Most people use Antenna Web.


----------



## JoeKustra (Dec 7, 2012)

My zipcode is 17921. Which antenna should I buy?


----------



## jcondon (Jul 9, 2003)

mbernste said:


> Most people use Antenna Web.


Antenna Web shows two independent stations I know I have received in the past with rabbit ears. Doesn't show any others which is probably accurate.

DTV Gov Maps shows 4 stations none of which I think I could get. All are 2/10. One in upstate NY (only major broadcaster), one in NJ and two in Connecticut. It doesn't show the two I know I can get.

Antenna Web seems more accurate for me at least.


----------



## SOGLAD (Aug 18, 2019)

mbernste said:


> Most people use Antenna Web.


*Nice site and lots of details too... THANKS for that input!*

SOGLAD


----------



## Mr Tony (Dec 20, 2012)

I use Rabbitears site because you can pinpoint your location to your actual location and not a general zip code
RabbitEars.Info


----------



## jtdon99 (Oct 26, 2014)

plus 1 for rabbitears.info


----------



## Adam C. (Jul 24, 2017)

jtdon99 said:


> plus 1 for rabbitears.info


+2


----------



## SOGLAD (Aug 18, 2019)

Antenna Web seems more accurate for me at least.[/QUOTE]


unclehonkey said:


> I use Rabbitears site because you can pinpoint your location to your actual location and not a general zip code
> RabbitEars.Info


RabbitEars.Info does offer tremendous Station details and insight!

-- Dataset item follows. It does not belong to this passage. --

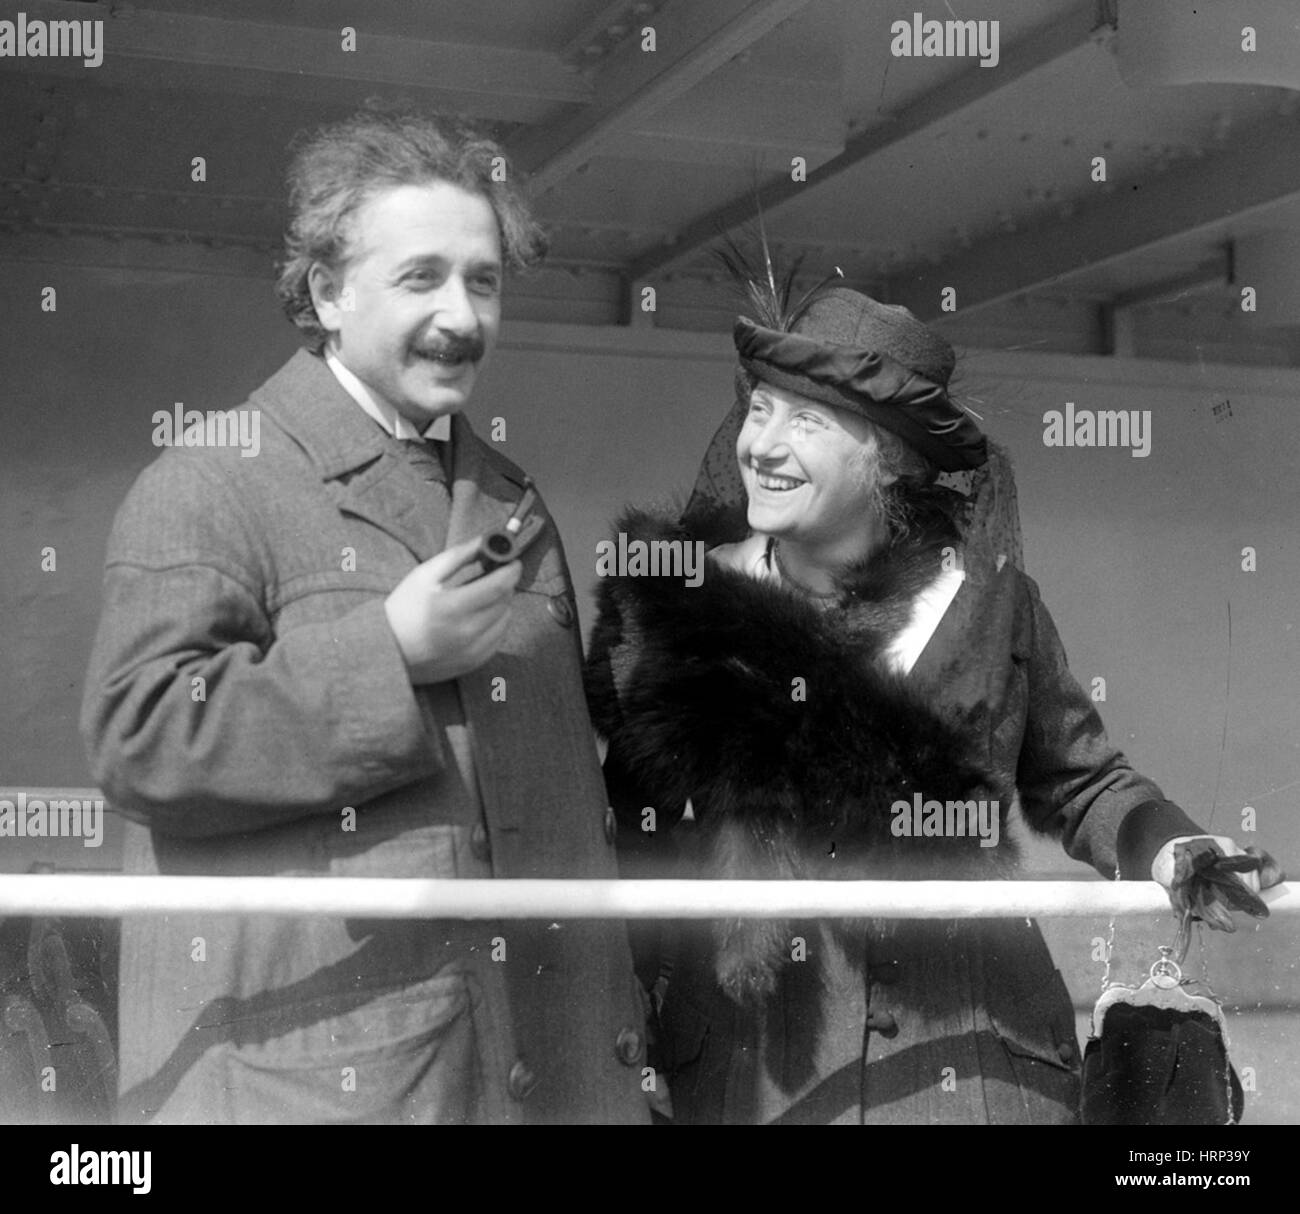 Albert Einstein y Elsa, c. 1920s Foto de stock

It's one of the best. *BRAVO*, unclehonkey and thanks so much for your post!


----------



## Mr Tony (Dec 20, 2012)

JoeKustra said:


> My zipcode is 17921. Which antenna should I buy?

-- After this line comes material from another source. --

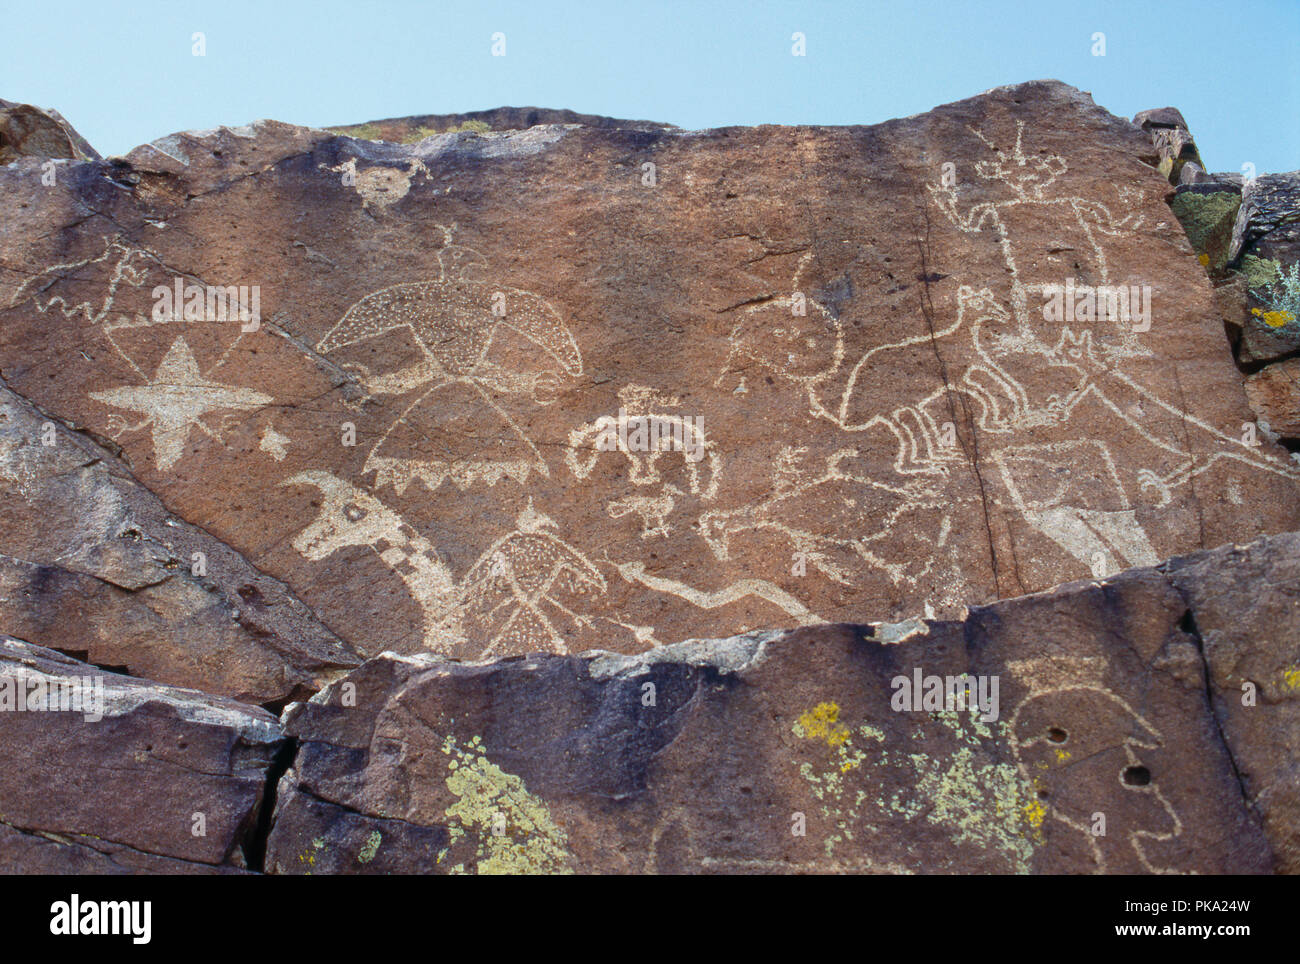 Thunderbird, gefiederten Schlange und andere Indianische Felszeichnungen in der Nähe von La Cumbrecita, New Mexico. Foto Stockfoto

according to antennaweb...none 

(note the below is what I found...I know we've discussed the issues there with signals so the rest is just for fun) 

rabbitears it depends on where in Ashland you are. Running 3 different reports from in town and you get varying results
East of Town shows terrible results
RabbitEars.Info (signal strength is all negative which pretty much means no signal or at best minimal)

middle of town (10th and Walnut) looks more promising
RabbitEars.Info (CBS & NBC are +10 which for VHF stations is obtainable)

West part of town (23rd & Spruce) looks the best
RabbitEars.Info (Big 4 are all above 0 which I know first hand signals can be obtained. My old place most signals were around 0 to +4 and could get them most of the time)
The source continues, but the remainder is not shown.